2.  The real-world way allows style and preference to come in to play, provided it stays within certain parameters.  
3.  Anywhere the real world way and the book way are in lockstep with one another, these are the blood rules that must be adhered to with reverence and no small amount of fear.  

The tricky part is right now I don't know which parts are blood rules and which ones allow for style--the book way is presented as the blood rule, and I won't know otherwise until I have some experience, meaning that I need to assume all rules are blood rules.  Some parameters can be moved, but at this point I need to assume that they cannot be, until I am hired by an institution that directs for a particular variation or evidence leads us to make some necessary changes.  In short, I have to feel for the right places to be flexible, but assume a constant rigidity, which is an interesting balance of thoughts while still mimicking the person we're following as best we can.  

It's going to take some practice yet.

Tuesday, June 9, 2020

Update #2465 Beta

Already in week four of my nursing program, meaning that I'm a third of a way through the summer.  
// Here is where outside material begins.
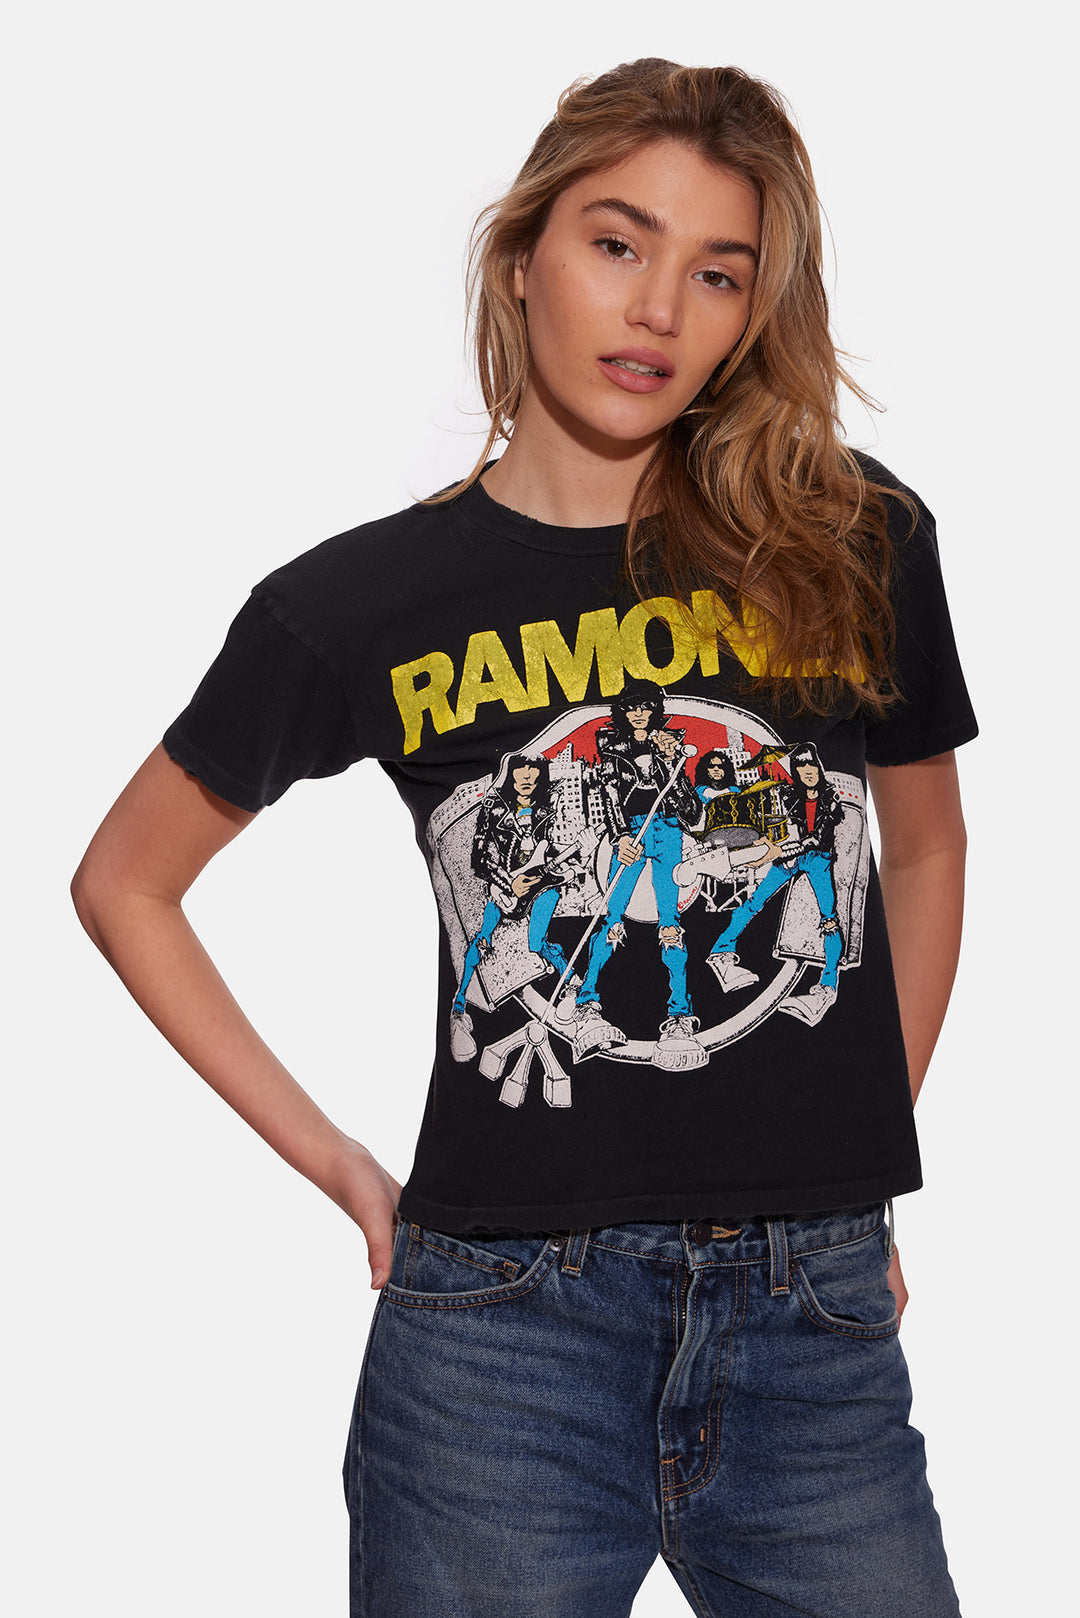 Ramones '78 Crop Tee Coal Pigment
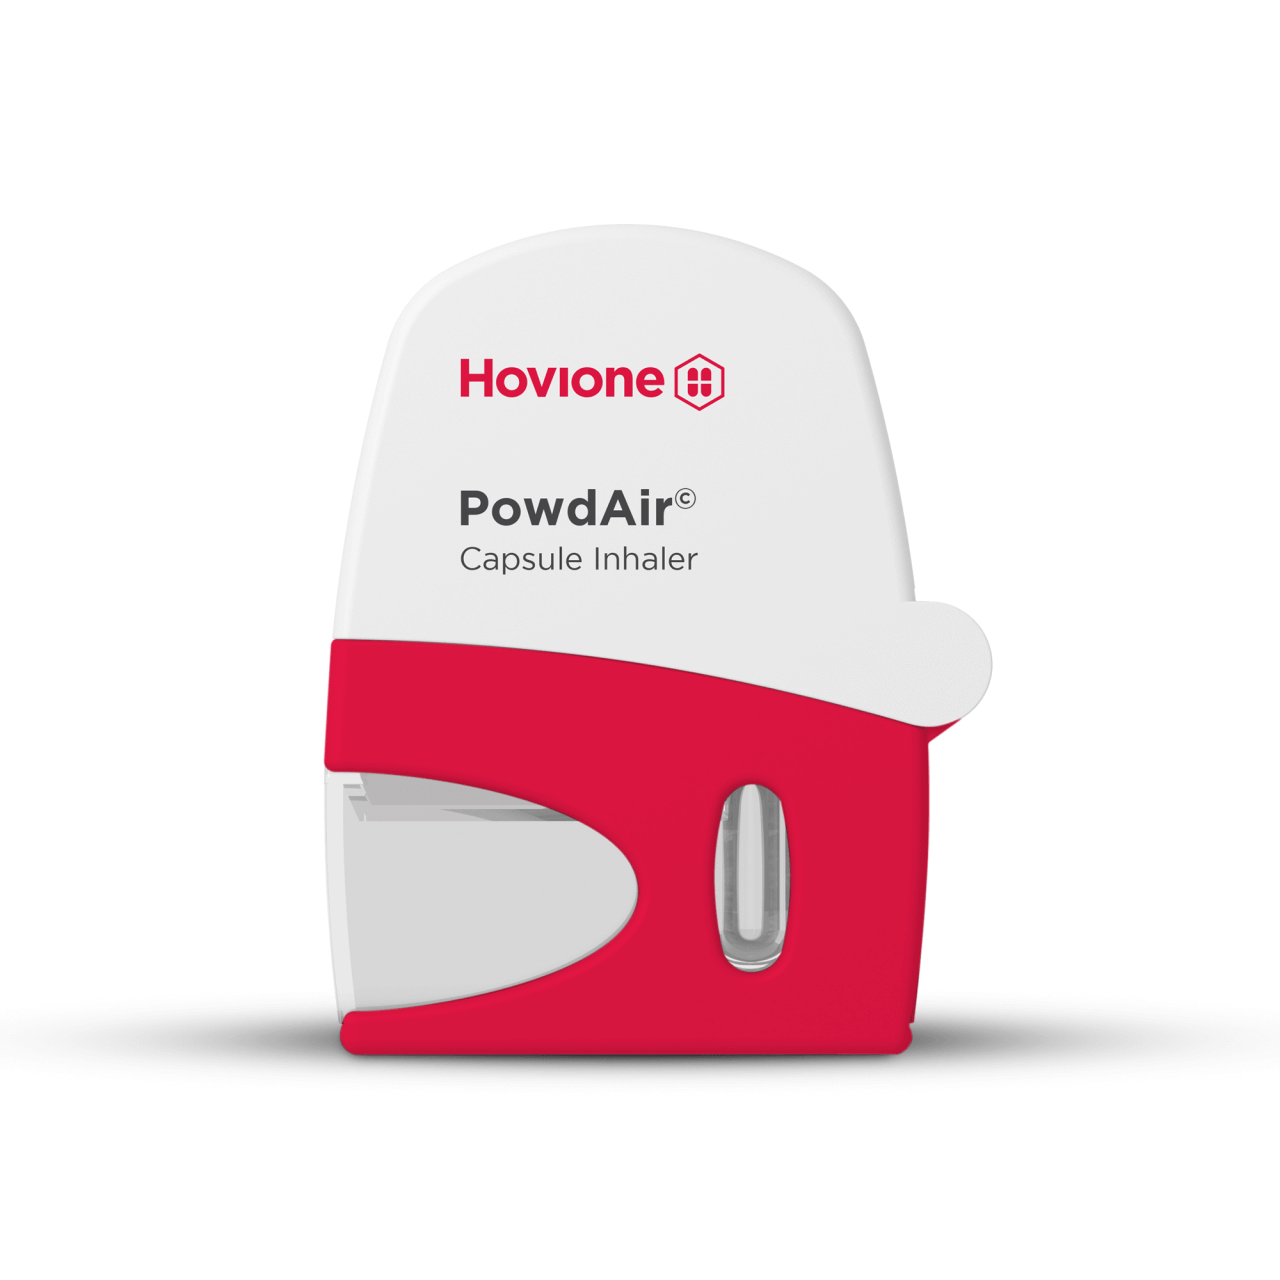 Powdair DPI device | Hovione

I still feel like I'm going to wake up one morning and clock back into my old job.  It's just...weird.  

So, how am I doing in the program?  Great question.  Glad I pretended that you asked.  


I am pendulating hard right now.  I have moments where I feel ready and confident and certain and "hells yeah, I belong here." And then I have moments where I wonder why ANYONE would trust me with the well-being of another living thing, and I feel my stomach roil and churn under a quiet smile.  I have the first slew of tests under my belt, now, so at least some of the "you don't belong here" element is calming slightly.  Both of these states are fine on their own--I have the coping to work within both--but the violent oscillation between the two of them, whipping back and again between the two of them, that's exhausting.  That's where I'm tired.  

I mean, there were twenty chapters of reading to do for the first week, but, again, it's the circumstances coupled with this steady wearing-down that makes the tired hit a little bit differently at the moment.  

There are lot of things happening in our world right now that I don't feel I have the emotional capital to address to the degree that A) I would like to and B) that they rightfully deserve, particularly when silence is taking the side of the oppressor.  And thus, the world and what's going on with it adds another dimension to the pendulum swinging, the "how can you be worried about yourself when there is so much injustice in the world?" direction, too. And on the X, Y, and Z axis, whelp, it gets all the more dizzying.  
Or maybe something more like this
In short, I'm adjusting.  There's a lot to suss out with this change, yet, and I am confident that I will find my feet in time in the same breath that I can be gentle with myself while doing so.  I am thoroughly determined to learn as much as possible with this opportunity and have specific goals in that which will be accomplished, one way or another.  There will be different, unexpected blocks along the way, and I will be allowed to be frustrated in those moments while still ultimately confident in where I will be--all pieces exist in the same space, and I'm allowed to feel the complexity of that.  There will be peace as the swing arm slows down a bit, and there will be grace until it does.